Now we're in a breakneck countdown to both kids leaving for school. Eve and I hit a couple of stores yesterday and got most of the stuff she needs for her room. She commented on how weird it is trying to gather up all the stuff that you usually have all over your whole house and then picturing finding space for all of it in a single room. Angus said we should watch a movie tonight and picked Stillwater - I went in blind, and was startled by the fact that it seemed to be loosely (VERY loosely, like attached in the least secure manner ever) based on the Amanda Knox story. I actually thought it was a really good movie, references to the real world aside, and we also enjoyed looking up the similarities to the actual case afterwards and coming across statements such as "the movie keeps some details but adds a hot French lady and Matt Damon in MAGA drag". 

The last couple of weeks have been a strange whirlwind. Gathering with more people than I have in a year and a half. Mourning and rejoicing. Hugging Marianna good-bye once and then twice and then for the third and final time. Crying in the car. Crying in the grocery store. Hearing Matt Damon say "ma'am" a whole bunch of times. Seeing Eve having dinner with Davis in the McGill cafeteria on Facetime. Crying at the bakery (goddammit, those bakery people are SO  nice, and that is NOT WHAT I NEED RIGHT NOW). The circle of life is literally smacking me in the face right now, and because it's a circle that means it smacks me OVER and OVER and OVER again. An oblong or rectangle of life would probably feel less violent. 
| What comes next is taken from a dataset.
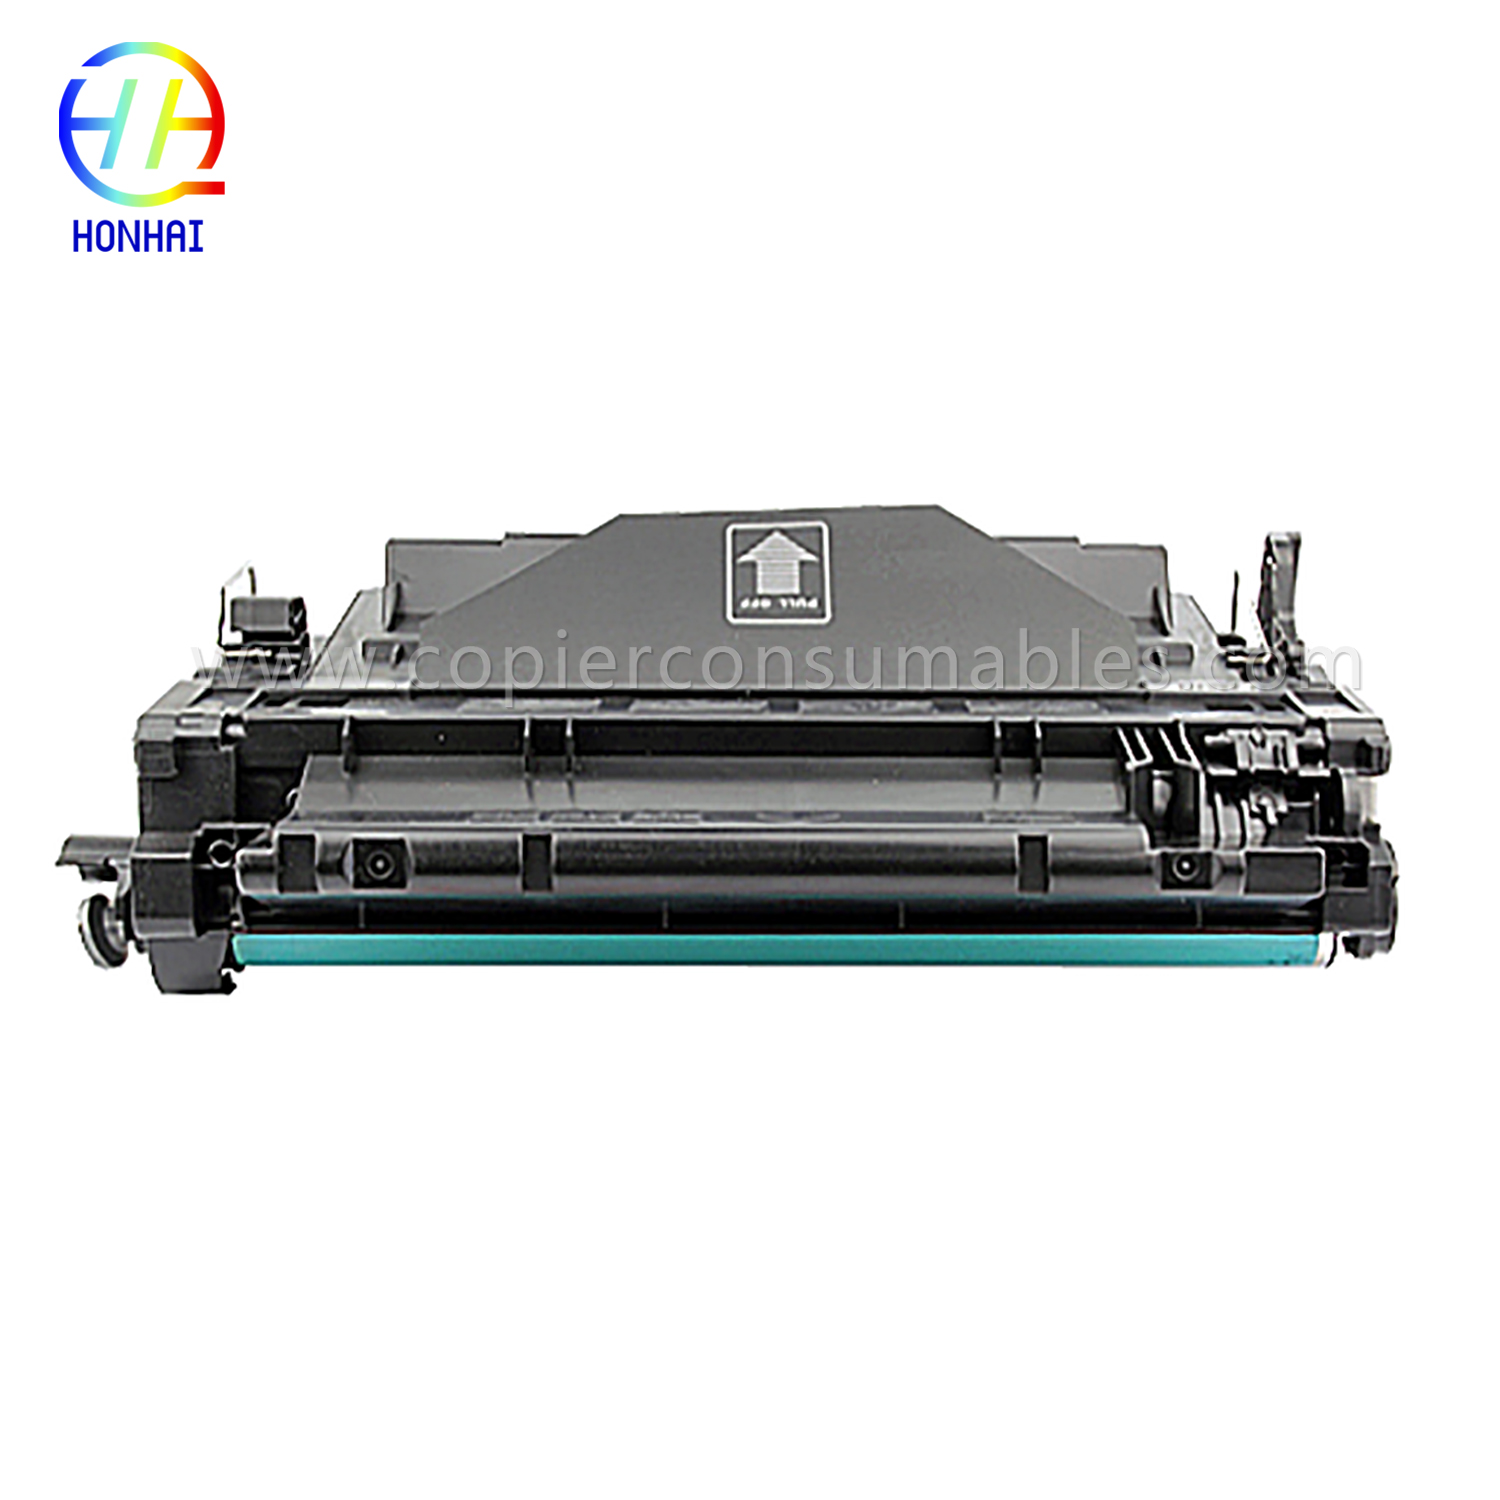 Color Toner Cartridges HP LaserJet LaserJet Pro MFP M521dn Enterprise P3015 (CE255X) -1 (1) 拷贝

We got upgraded on the last leg of our flight, because of Matt's status (he flies a bajillion miles for work in a normal year, he figures they got a ping that he was flying again and said "whoo-hoo, this guy is worth fifty grand a year!") and probably because they wanted to fit more standby people in. The flight was only 45 minutes, but was delayed significantly waiting for people from other flights, and waiting in our twenty-five-percent bigger seats with fancy snacks did not suck. Angus and Eve sat together a few rows ahead of us, and I will leave you with Angus's contribution to the group text, because it is funny and no matter how sad I am I have a pathological need to end on a laugh. 


Monday, August 9, 2021

Raging Against the Dying of the Light and Various Other Things

 I keep trying to put off blogging until I feel like I can be funny again. I do not feel like I can be funny again. My mother-in-law's memorial is next week-end and we're going to Thunder Bay and I keep feeling like we're going to visit her, and then remembering she's not going to be there. We've been going through pictures for a slideshow which is a really great way to remember how much we loved her and how much it sucks that she's dead. I recognize that it is a gift that I had a mother-in-law who was such a great friend. I'm happy that we will be together with people who also miss her after we've all spent the year grieving separately. It's just all kinds of wrong that we buried her mother at 95 just a couple of years before we lost her at barely 70 (which sounds churlish, in a way - 70 would have sounded like a perfectly fortunate crack at life when I was younger. We want too much. We are given an embarrassment of riches and we still want more. In some ways it seems like the only way to human.)

Eve snoozing on Nana Barb

Also, Eve is moving almost five hours away to university on September first. I went almost five hours away to university also (the same university, which has not stopped being weird). I always expected I would and I sort of expected that my kids would too. Now that I am faced with the unforgiving reality of the situation, I have morphed unwillingly into a massive, inescapable, mortifying cliché. I am bereft. I am heartbroken. I am rending garments and howling into the void - metaphorically, I mean. In reality I am mostly sitting staring into space wondering if this is the part of my life where I just sit very still until I wither away into some powdery substance and blow away on the passing wind. 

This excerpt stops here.